According to the BP executive, global oil demand growth in the third quarter slowed to just 900,000 bpd, down from 1.3 million bpd in Q1 and 1 million bpd in Q2. Going forward, uncertainties about demand will also weigh on oil prices in view of the U.S.-China trade war, Gilvary told Reuters.
For BP, the third quarter ended with an underlying replacement cost profit—BP’s closest metric to a net profit—of US$2.3 billion, down from US$3.8 billion a year earlier. The earnings were heavily influenced by maintenance, Hurricane Barry in the Gulf of Mexico, and lower oil prices.
Earlier this month, BP warned that Hurricane Barry, which passed through the U.S. Gulf of Mexico in mid-July, hurt the supermajor’s oil production in the third quarter, cutting it by around 100,000 barrels of oil equivalent per day.

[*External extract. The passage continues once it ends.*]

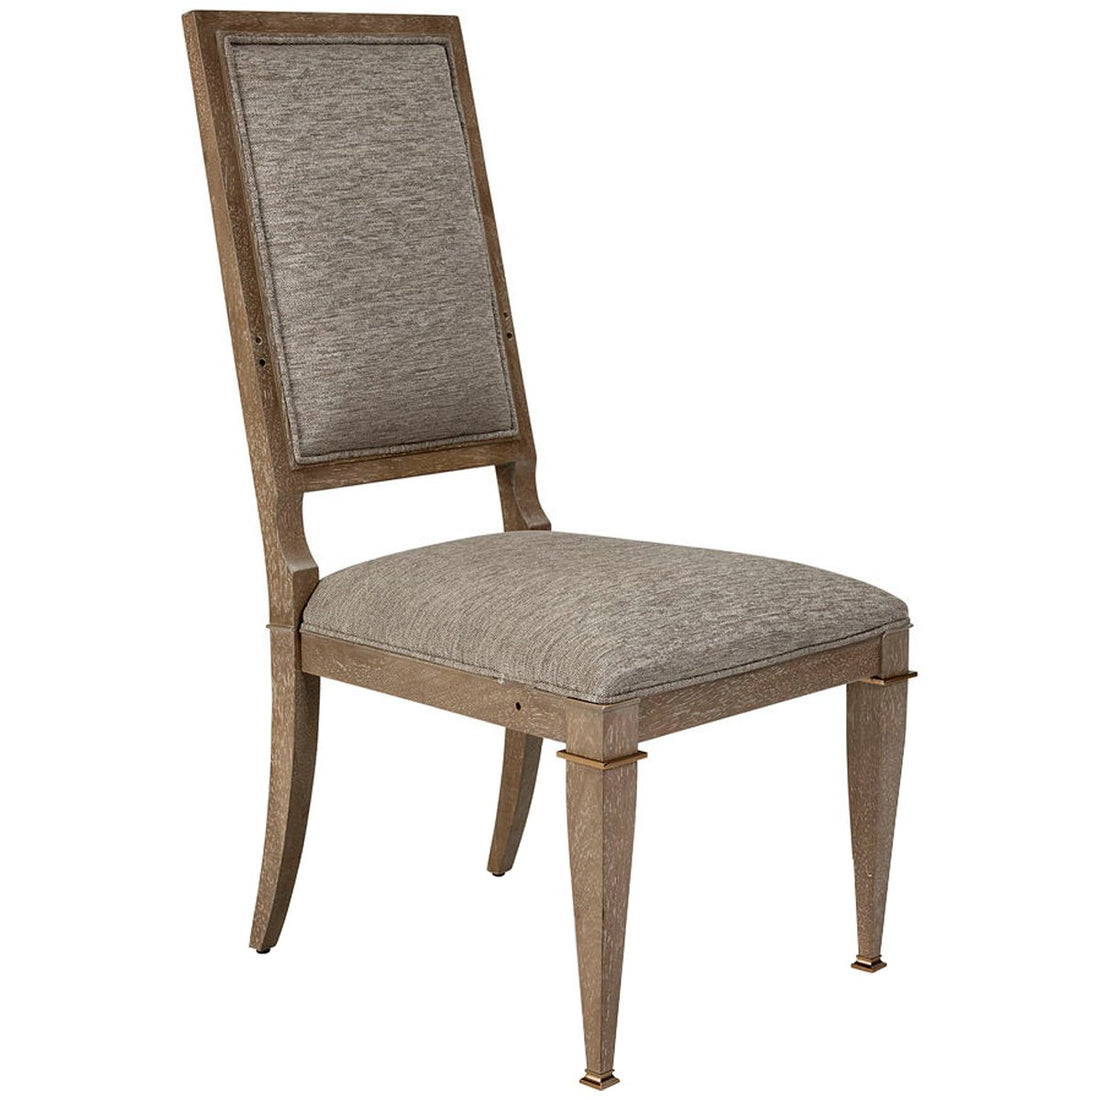 A.R.T. Furniture Cityscapes Bleecker Upholstered Side Chair, Set of 2

Related: IEA: An Oil Glut Is Looming
Strong downstream performance helped BP’s earnings in Q3, but they were still 41 percent lower from a year ago, despite beating expectations of a US$1.8 billion profit.
“Today’s Q3 numbers weren’t expected to come in close to the levels seen in Q2, given the decline in oil prices seen since then. However, they still show a company that is nimbler and more efficient than it was a decade ago,” Michael Hewson at CMC Markets wrote in a comment on BP’s Q3 performance.
“Currently BP has breakeven prices of just below $50 a barrel, however, the jury remains out as to whether buying BHP Billiton’s shale assets for $10bn was a wise move in the current environment,” Hewson said.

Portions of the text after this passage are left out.